» **Data for the task**:
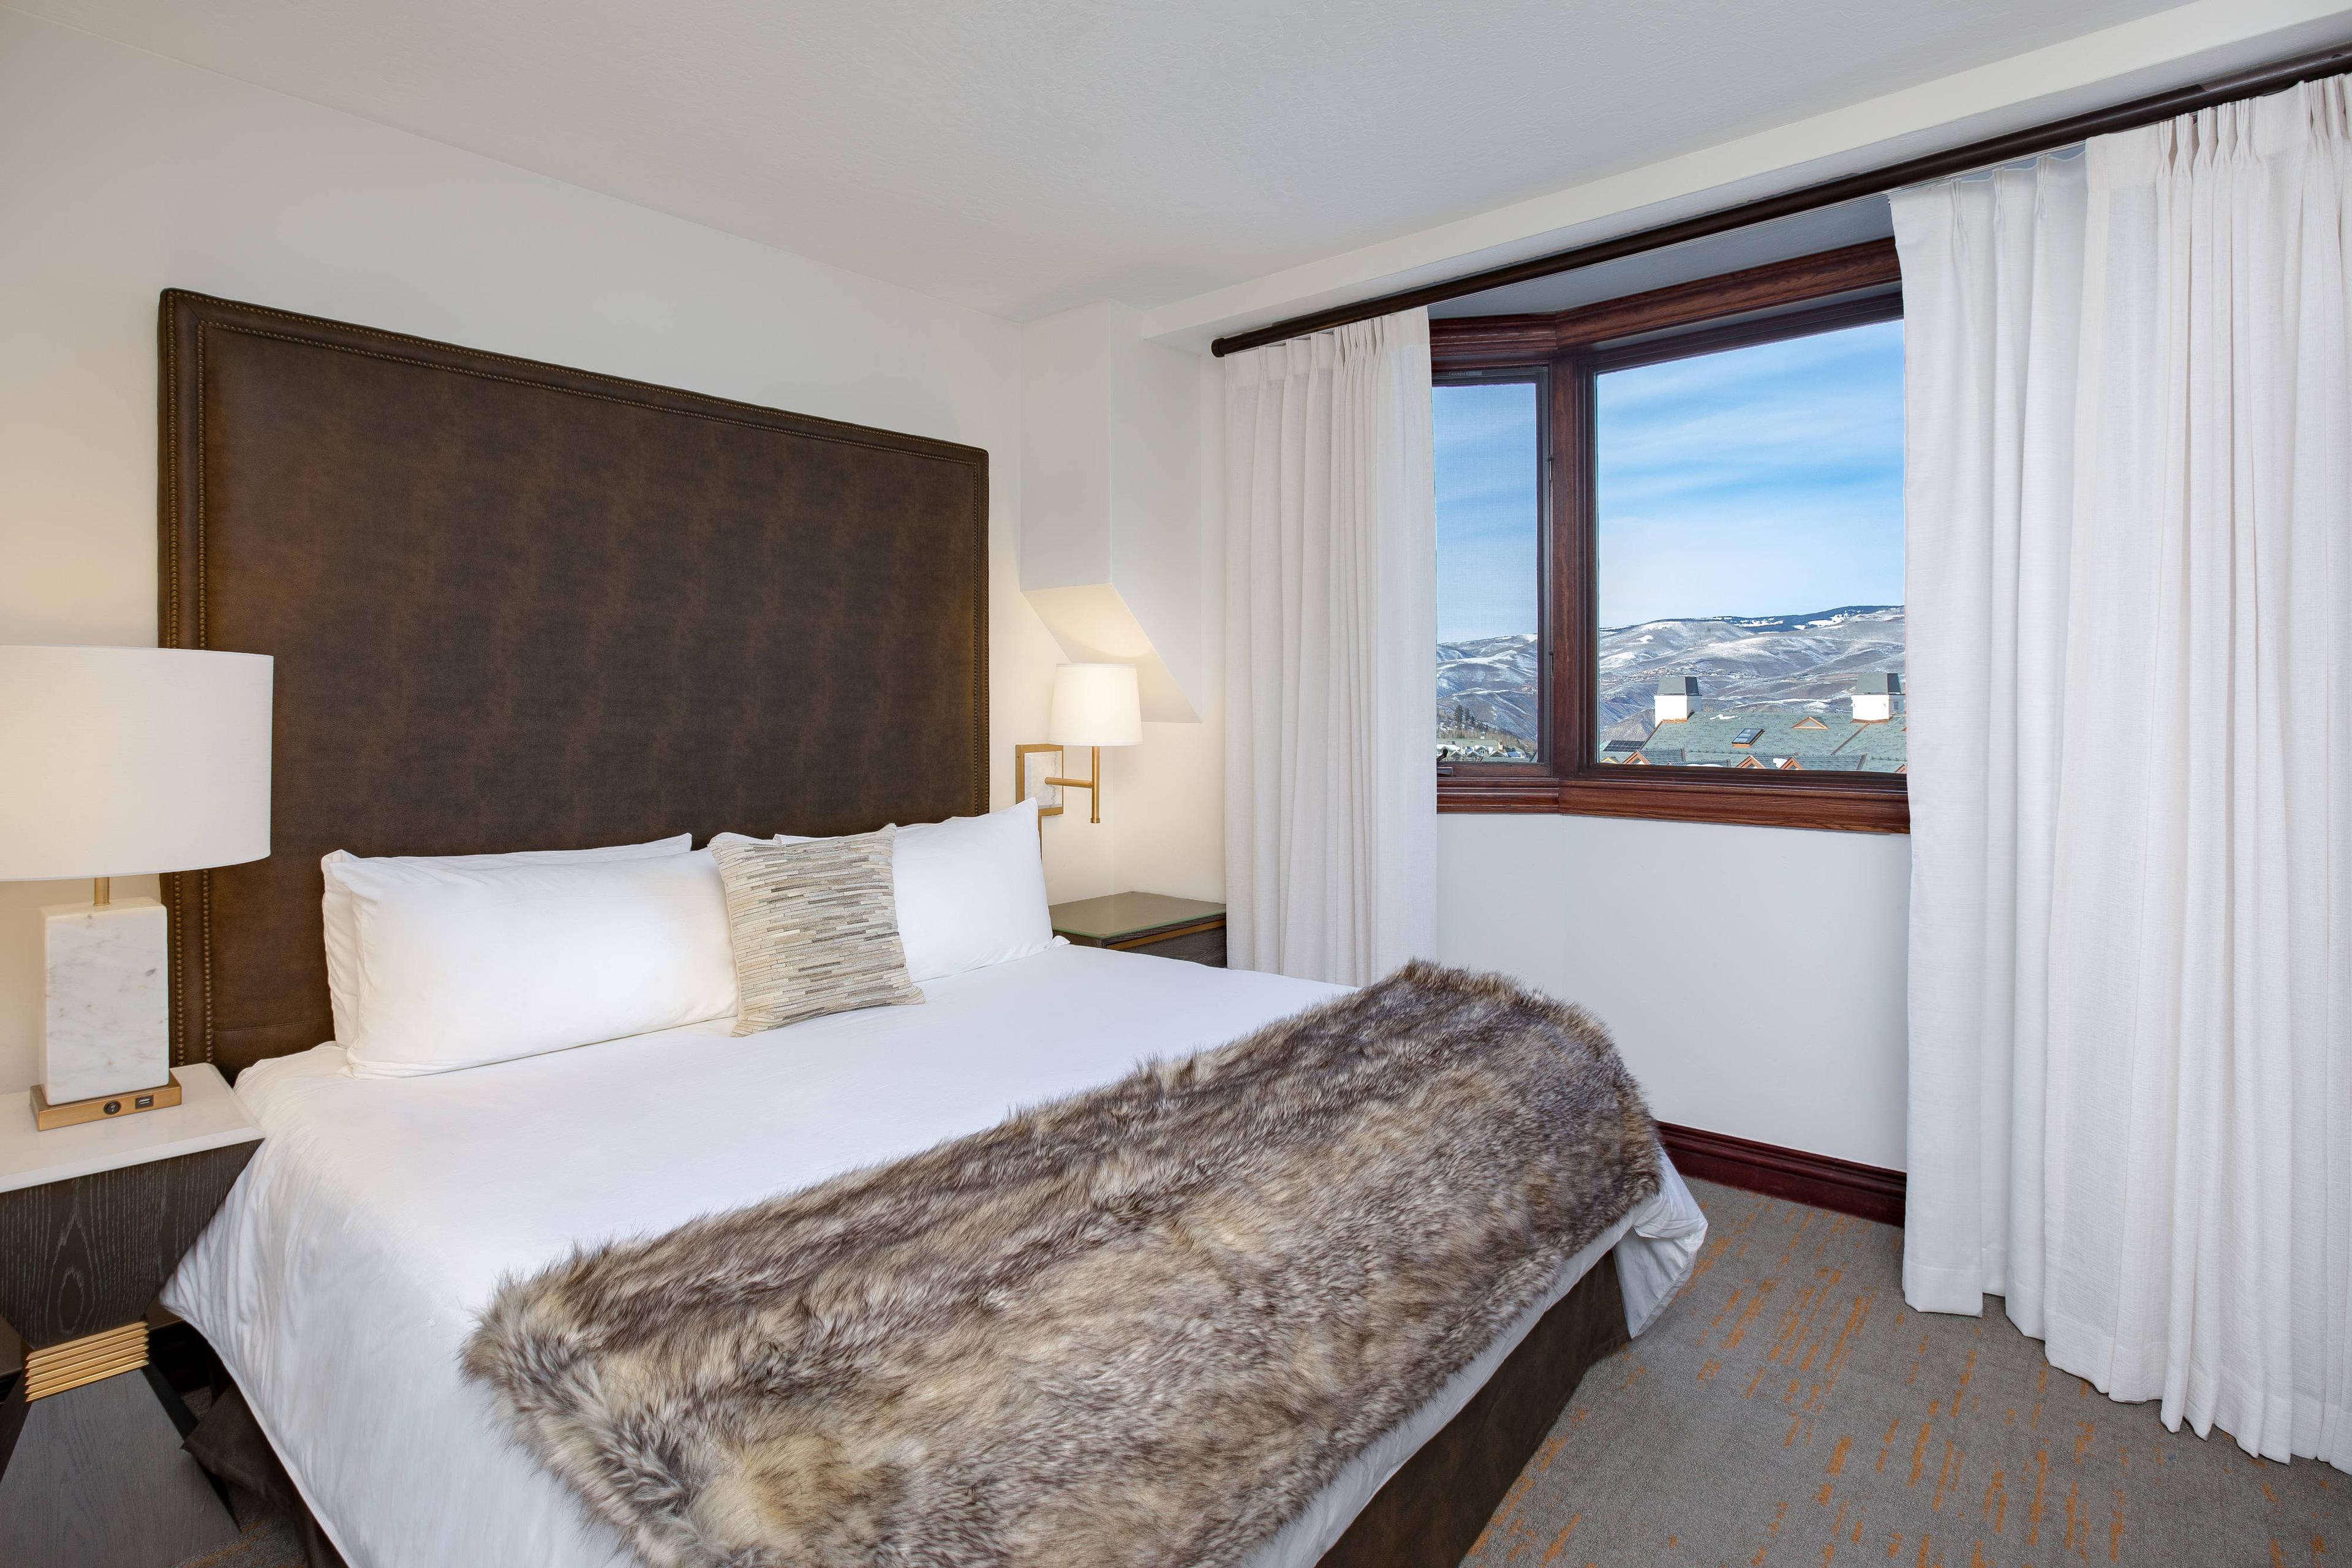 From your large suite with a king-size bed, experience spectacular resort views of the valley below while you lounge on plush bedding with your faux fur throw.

---

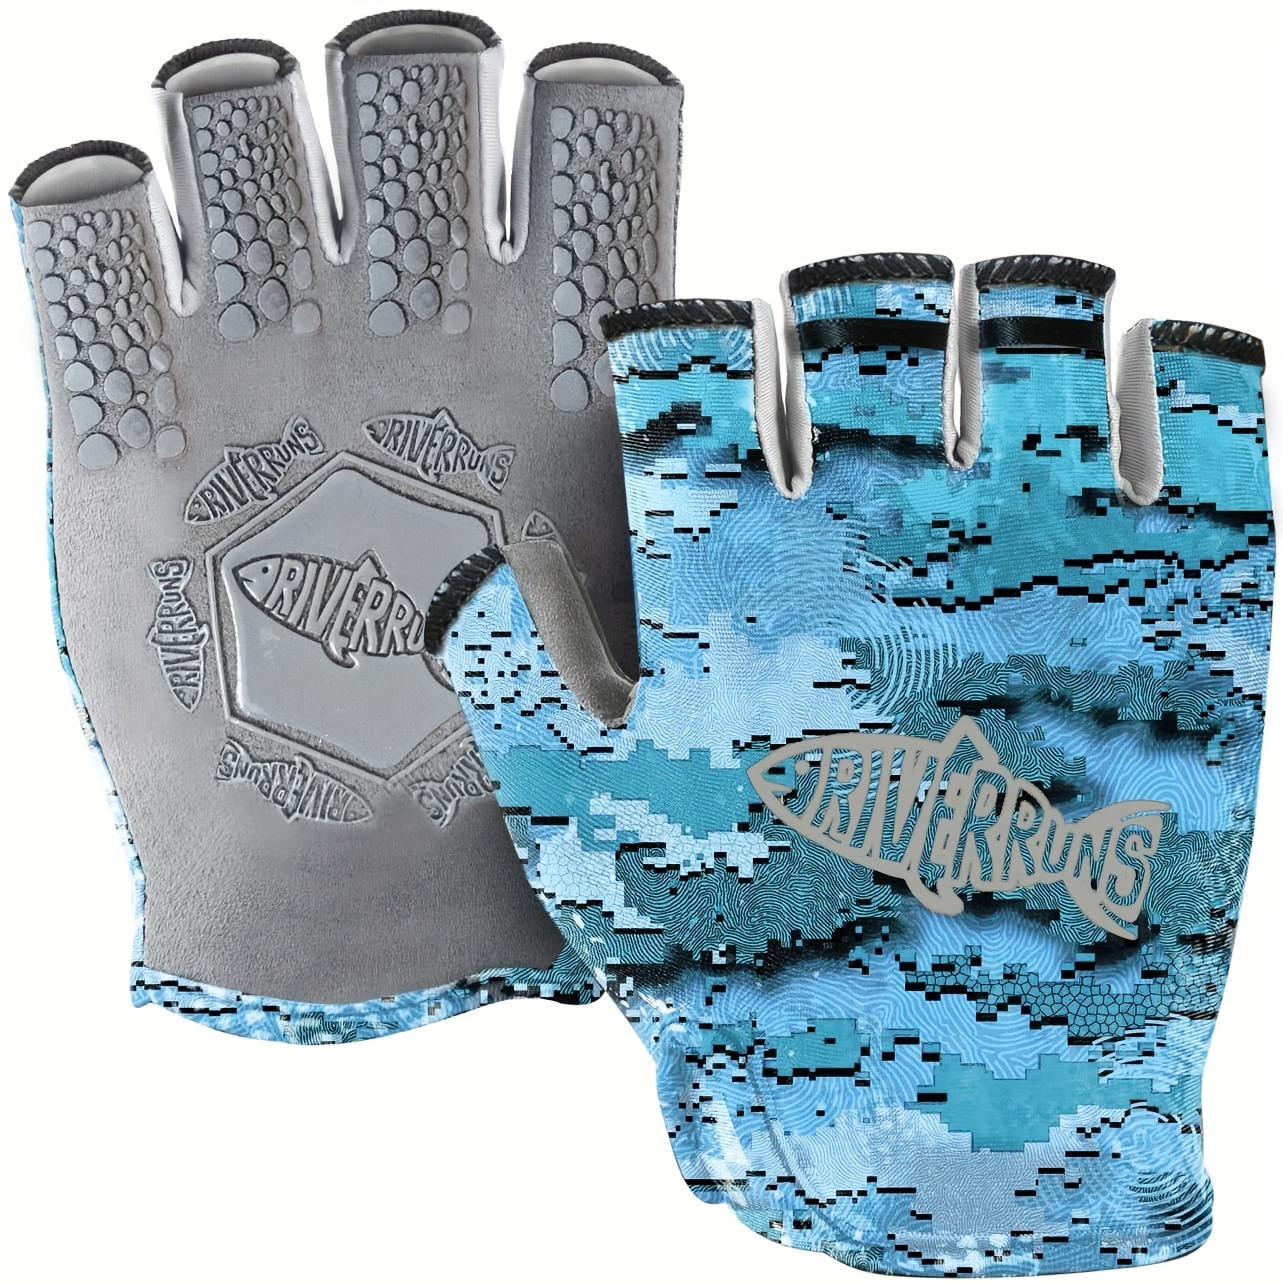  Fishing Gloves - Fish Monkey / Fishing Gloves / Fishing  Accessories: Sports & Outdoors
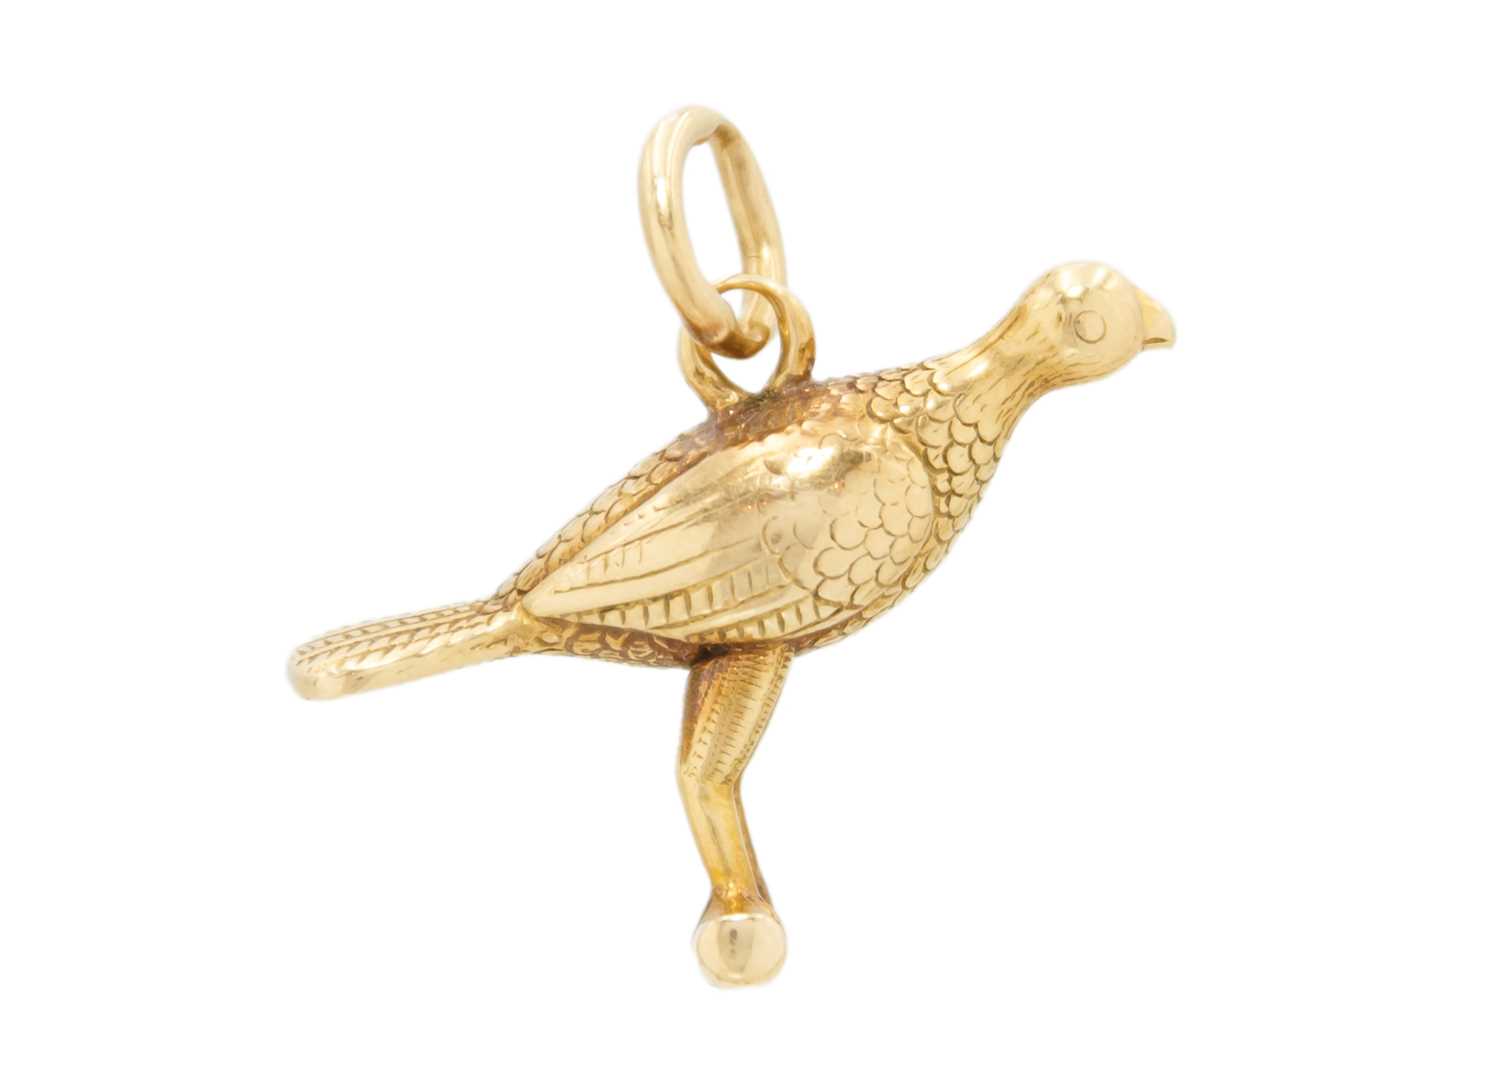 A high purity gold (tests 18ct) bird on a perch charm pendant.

» **Problem to solve**: Precisely those lines above that run from the line with "Fishing Gloves - Fish" up to and including the line with "A high purity" are to be set down, with the pictures omitted.

» **Response to the exercise**:
  Fishing Gloves - Fish Monkey / Fishing Gloves / Fishing  Accessories: Sports & Outdoors
 A high purity gold (tests 18ct) bird on a perch charm pendant.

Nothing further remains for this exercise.